The business aspects of this evolution have been as challenging as the creative ones. Building a financially sustainable platform has required difficult decisions about monetization, sponsorships, and partnerships. I’ve declined lucrative opportunities that would have compromised our anthropological approach, while accepting others that aligned with our mission.
We’ve developed strict guidelines for potential partners:
- No exploitation of sacred or sensitive cultural sites
- No sensationalizing or misrepresenting local beliefs
- No staging or fabricating “weird” phenomena
- Financial transparency with local communities where we film
These principles have sometimes limited our commercial opportunities, but they’ve protected what makes MaloriesAdventures.com and Weird World Adventures distinctive—our credibility with both academic audiences and the communities whose cultural sites we document.
The Future of Weird
As we prepare to launch Season 2 and begin development on Season 3, I’m focused on expanding our documentation of endangered weird sites—places of unusual cultural significance threatened by climate change, development, or cultural erasure.
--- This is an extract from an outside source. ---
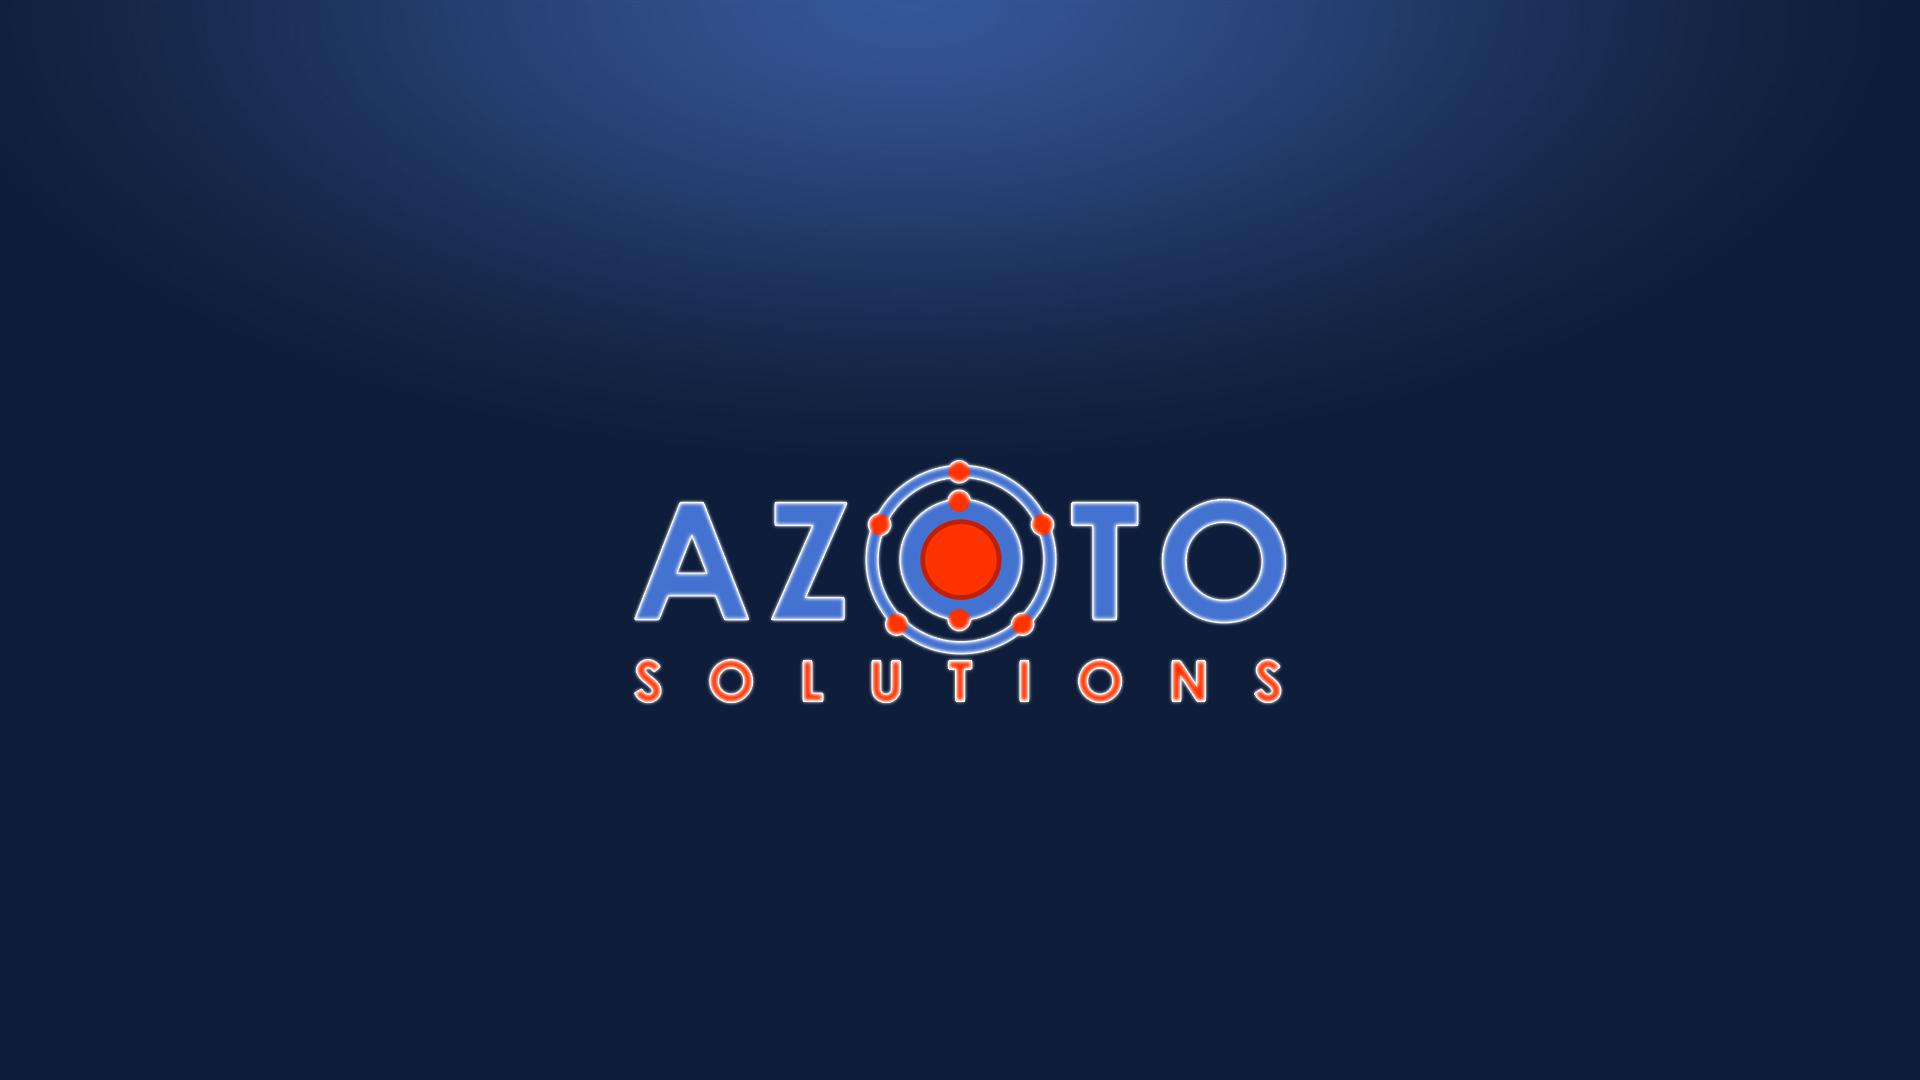 Azotosolutions
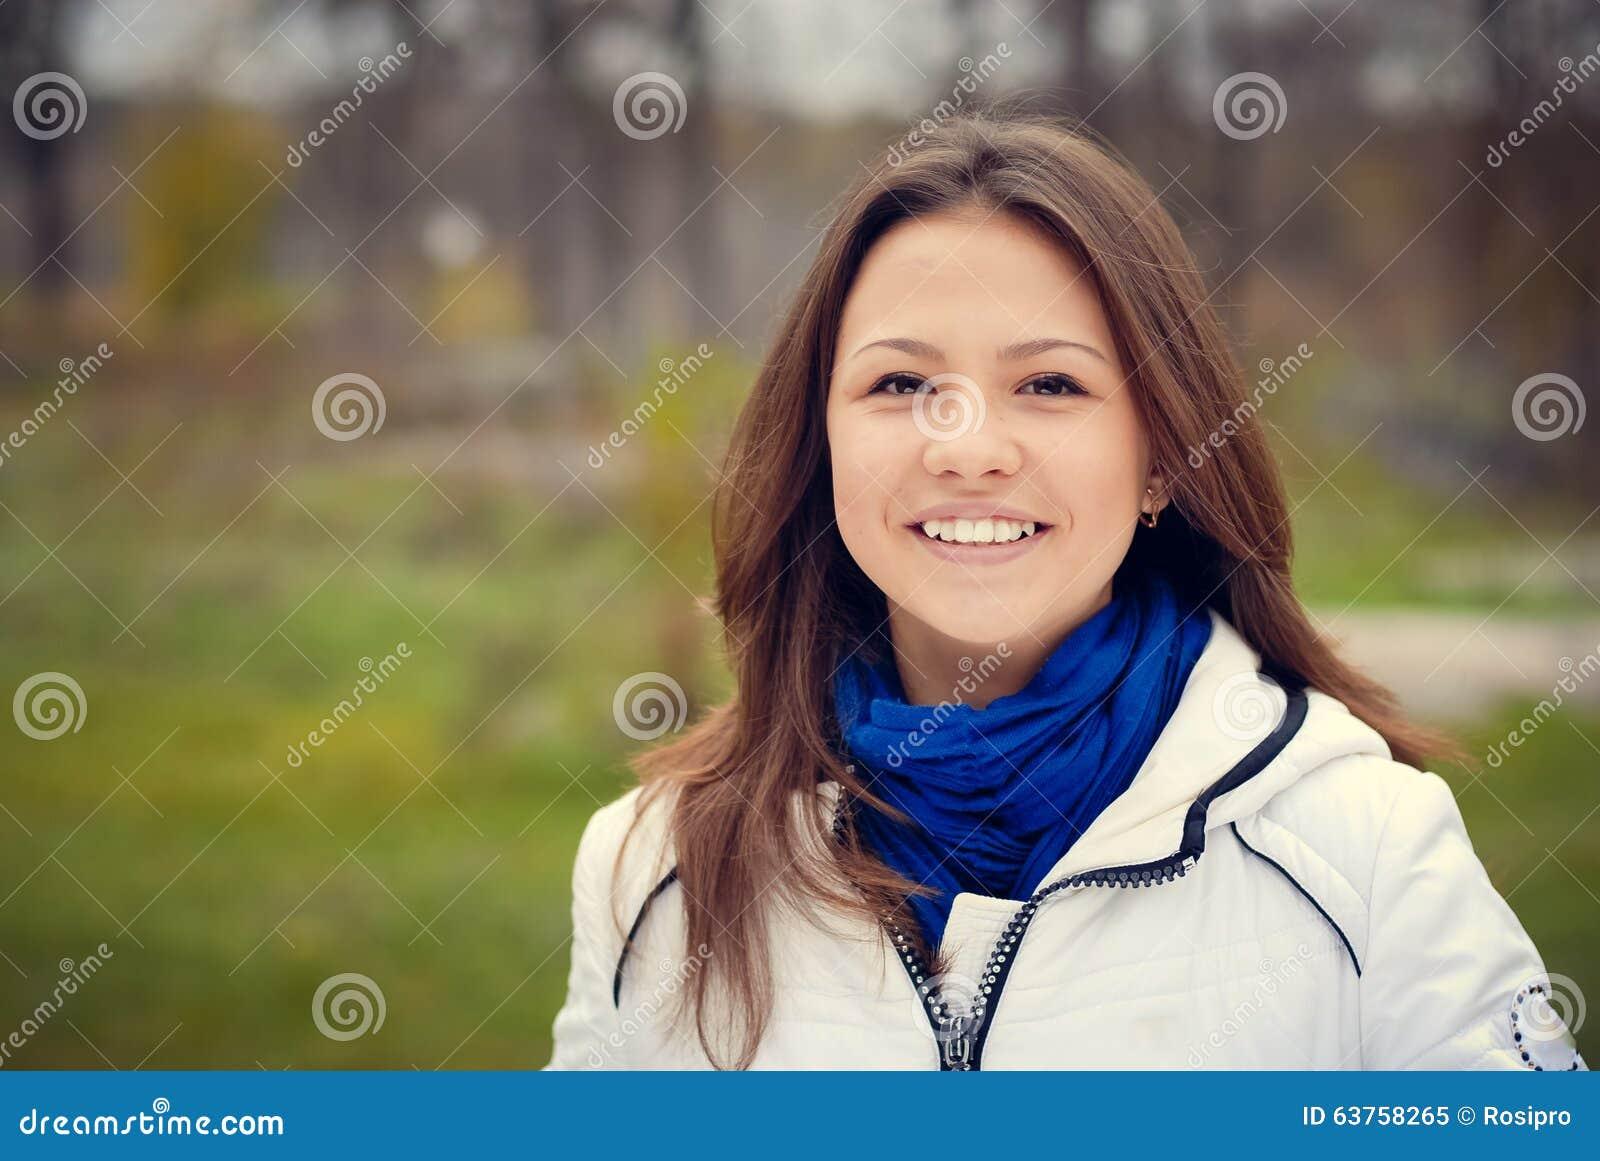 Beautiful brunette girl in white jacket smiling

The platform we’ve built now serves multiple purposes:
- Preserving detailed documentation of sites that may not survive the next decade
- Providing a framework for understanding the anthropological significance of “weirdness” across cultures
- Creating economic opportunities for local communities through responsible cultural tourism
- Building bridges between academic researchers and the broader public
What began as a personal blog documenting strange places has evolved into something I never anticipated—a platform that’s changing how people understand cultural heritage, folklore, and the unusual places that reveal deeper truths about human experience.
“The weird matters because it shows us where the boundaries of culture are tested, reinforced, or transformed,” I explained in a recent university lecture. “By documenting these places with both scholarly rigor and experiential immersion, we’re creating a new way to understand what makes us human.”
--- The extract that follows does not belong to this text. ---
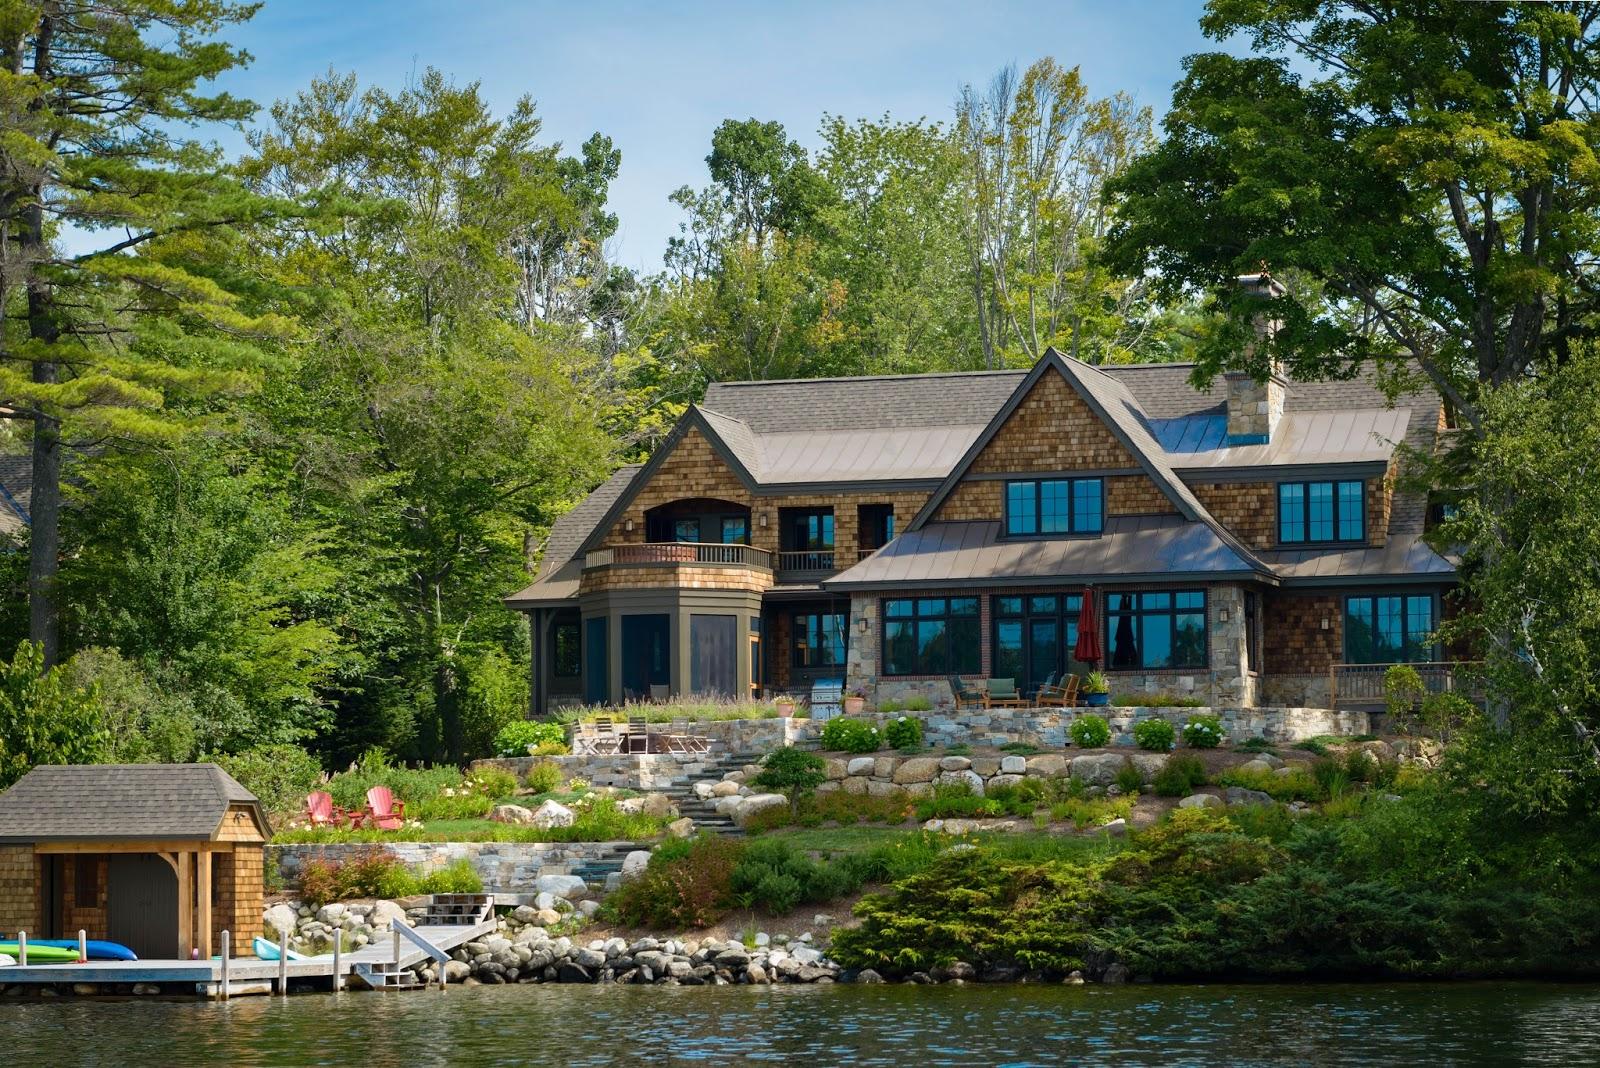 Green Home Design Architect: 2016 New Hampshire Home

From field notes to Prime Time, the journey of building MaloriesAdventures.com has been its own kind of weird adventure—unexpected, challenging, and ultimately more rewarding than I could have imagined. As we continue expanding from digital content to television to publishing, our mission remains unchanged: to demonstrate that the world’s strangest places often reveal its most profound cultural truths.
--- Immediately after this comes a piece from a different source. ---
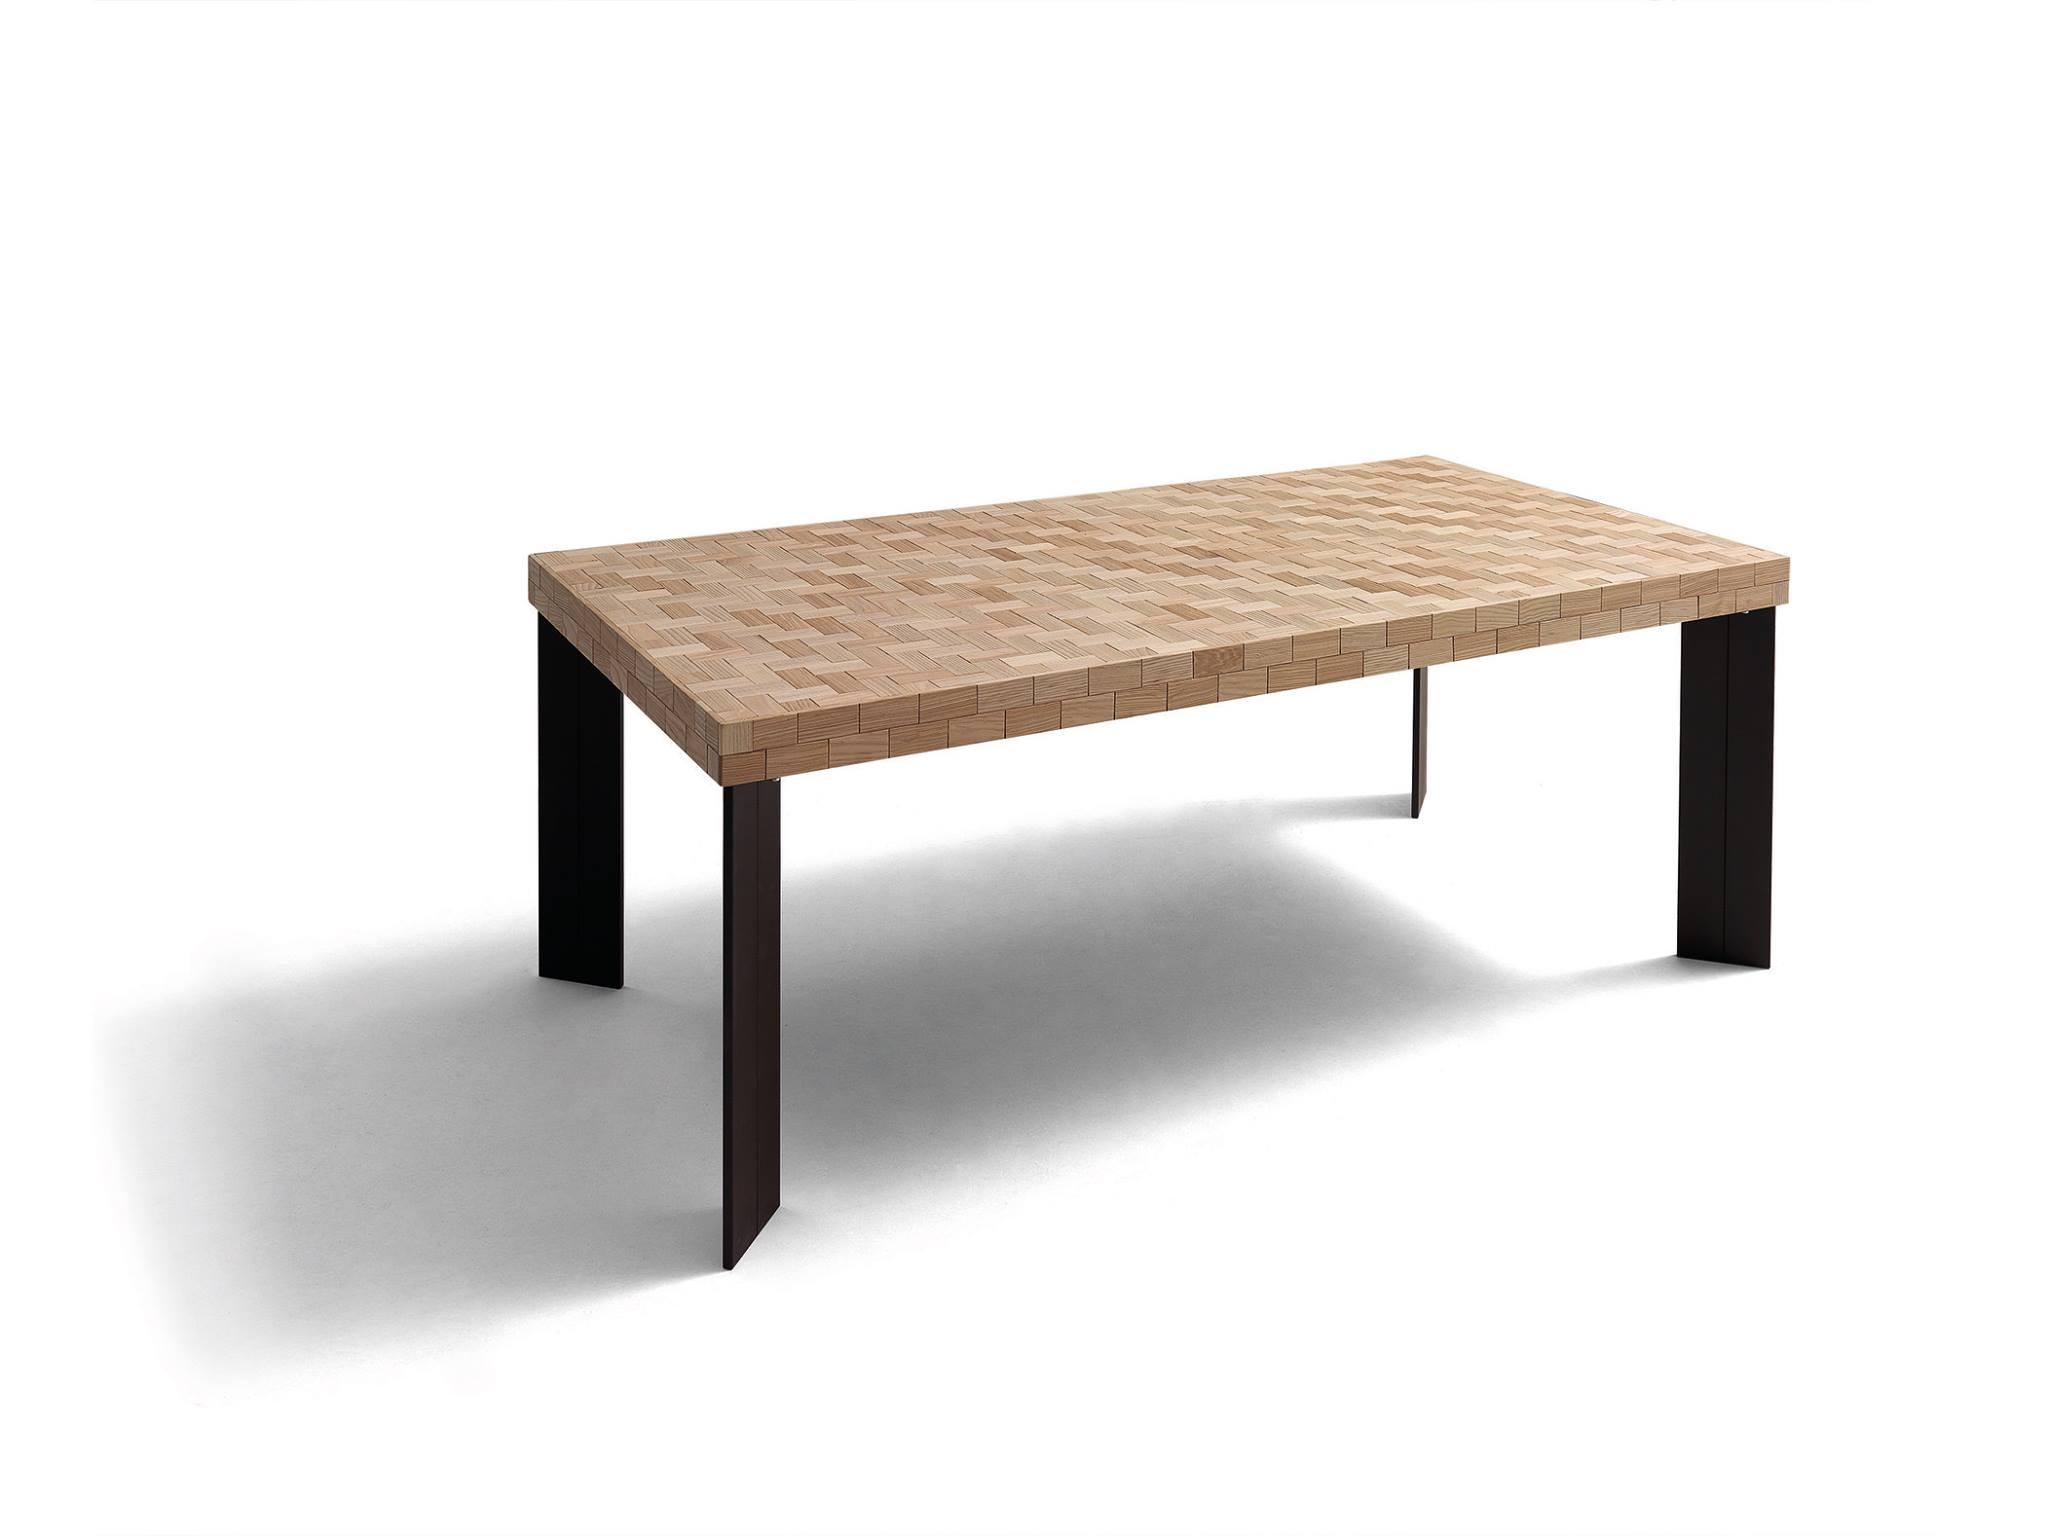 Mesa de comedor actual tapa puzle y pata recta metal óxido

The production assistant taps me on the shoulder, pulling me from my reflection. “We’ve got that footage from the castle corridor ready for review,” she says. “You won’t believe what the thermal cameras picked up.”
I smile and follow her to the editing station. Another weird day at the office, documenting the strange places that make our world so fascinating.
Malorie Mackey is the founder of MaloriesAdventures.com and creator/host of Weird World Adventures on Amazon Prime. Her forthcoming book, “The Anthropology of the Unusual,” examines how cultures across time and space have used strange places to process collective experiences of wonder, fear, and transformation.